Other cheaper alternatives to the 24-70 exist (all of lesser but decent quality): the 24-70 mki, the 28-70 predecessor, the Tamron 24-70 with stabilization, the Canon 24-105 f/4 IS, the Tamron 28-75.

Other cheaper alternatives to the 70-200 are the mkI IS, the non-IS, the two Canon f/4 70-200s (more compact/lighter), the Sigma 2.8 OS (non-macro), the Canon 135mm f/2 (which works with the teleconverters), and the 200mm 2.8 (ibid).

The 2.8 mkII is a big, white, heavy, expensive lens that attracts a lot of attention, and that may factor into your purchase (for better or worse).

They are both excellent optics that have been recently updated and are recognized as true performers. If you are thinking of taking the plunge for such pro-quality glass, i'd recommend you utilize your money to cover your focal lengths with decent lenses first.


----------



## bholliman (Nov 5, 2013)

Since you listed portraiture first, I agree with those recommending the 70-200 2.8 II and a 40 pancake. I own both of the options you listed, and they are fantastic! But, my preference for portraits is definitely the 70-200. The 40 will do a nice job with group shots and wider landscapes. You can always create multi shot panoramas if you need something wider.


----------



## mackguyver (Nov 5, 2013)

As the others have pointed out, it's not really a one vs. the other, it's a question of which one first. If portraits are your priority and by that, you will mostly shoot a single person, the 70-200 is the way to go. If you're mostly shooting couples and groups, the 24-70 is probably better as you can get away with headshots at 70mm, but it's hard to shoot more than two people at 70mm unless you stand way back. Even full body shots can be limiting at 70mm unless you have the room to back up.


----------



## FTb-n (Nov 5, 2013)

I would echo the suggestion of the 70-200 f2.8L Mark II and the 40 f2.8. I don't have the 24-70, instead, I have the 24-105 f4. The 24-105 offers greater range, but I still prefer the 70-200 most of the time. 

This all depends upon what you shoot. For me, it's most often sports (mostly indoor) and events (people candids) with some portrait stuff. The 70-200 on a FF body is a great range to isolate you subject. Note that at events, I also like to stay in the background and out of the way. It's only for those "establishing" shots and group photos that I go to the shorter zoom or a shorter prime.
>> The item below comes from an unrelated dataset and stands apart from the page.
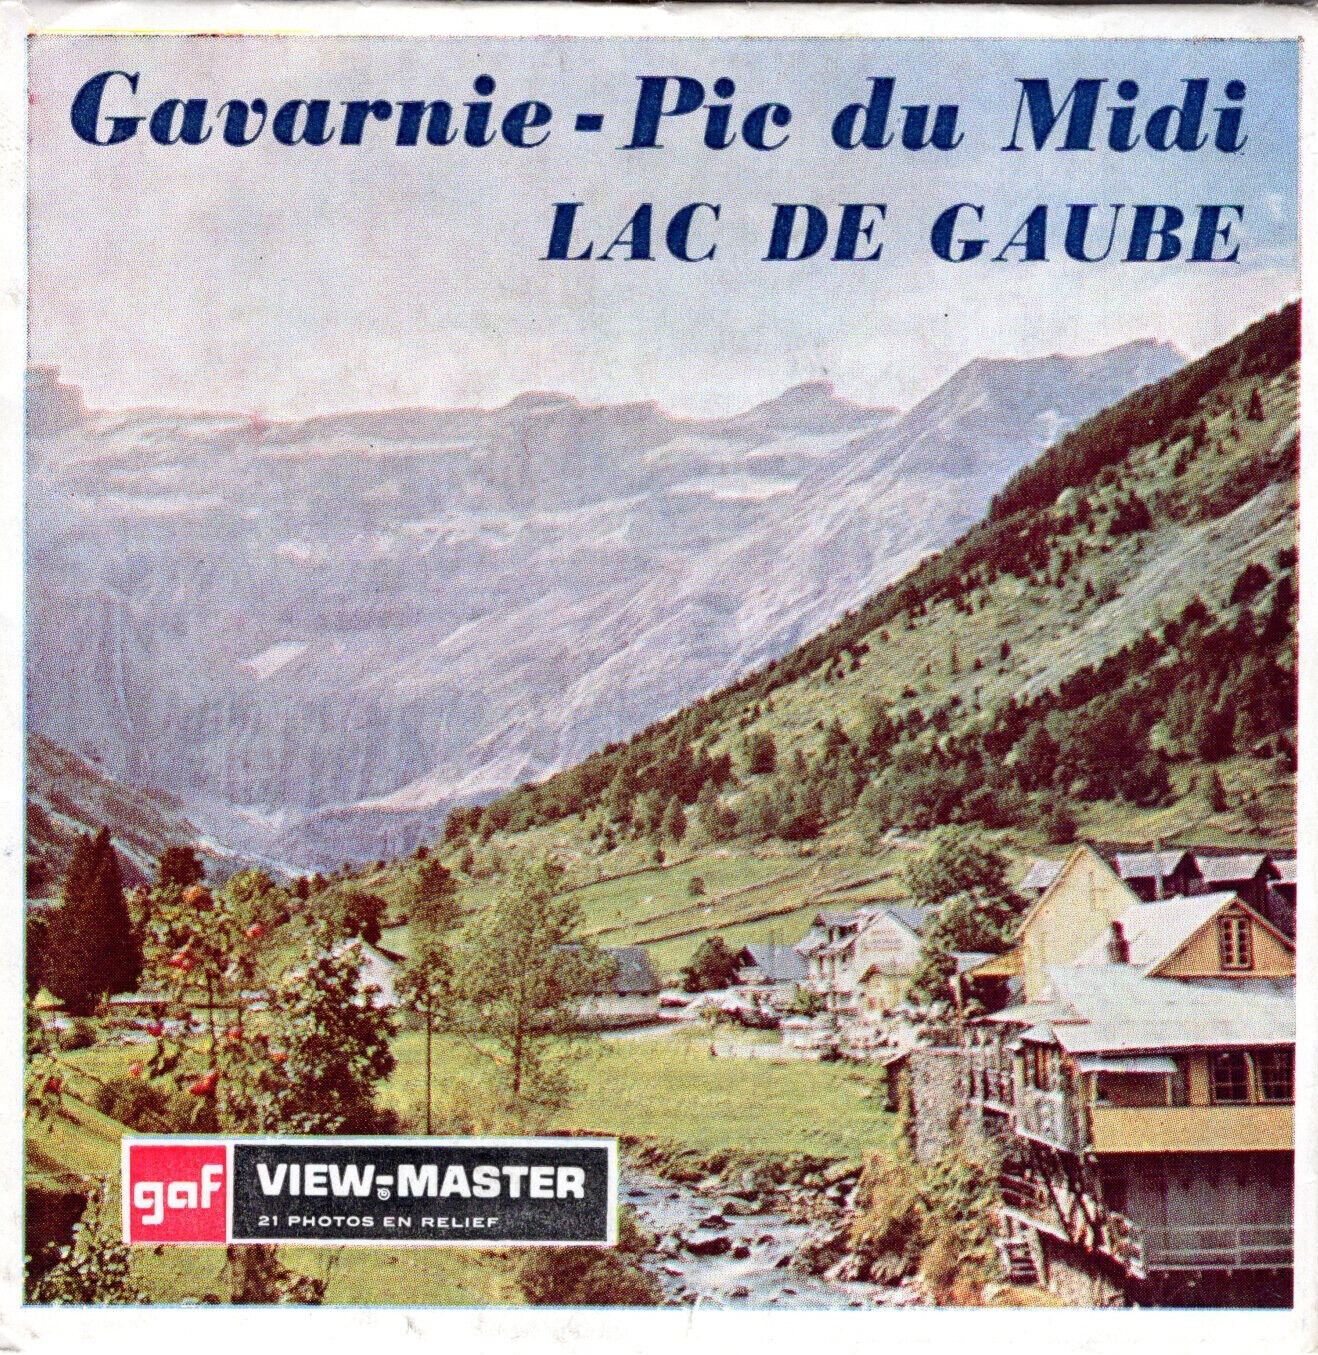 view-master Gavarnie Pic du Midi Lac De Gaube C 188 F

For me, the jump from 40mm to 70mm isn't a big deal. If the 40 is a little too wide I can either move closer or crop. Granted, it is nice to have all focal lengths covered between 24 and 200, but I don't get too hung up on not having the full range between 40 and 70. 

Just last night I shot grade school musical (basically choirs and school bands) with the 70-200. I used a 35 2.0 for some establishing shots of the venue and crowd, but everything else was with the 70-200. I have no problem getting a group of kids in the shot or zeroing in on one or two. I had my 24-105 with me, but didn't use it because I didn't need anything wider than the 35.

I also find that the 70-200 is great for portraits -- up to 2 in an average living, or larger groups outside. If individuals are the subject matter, I try to avoid the wider focal lengths which can be less than flattering.


----------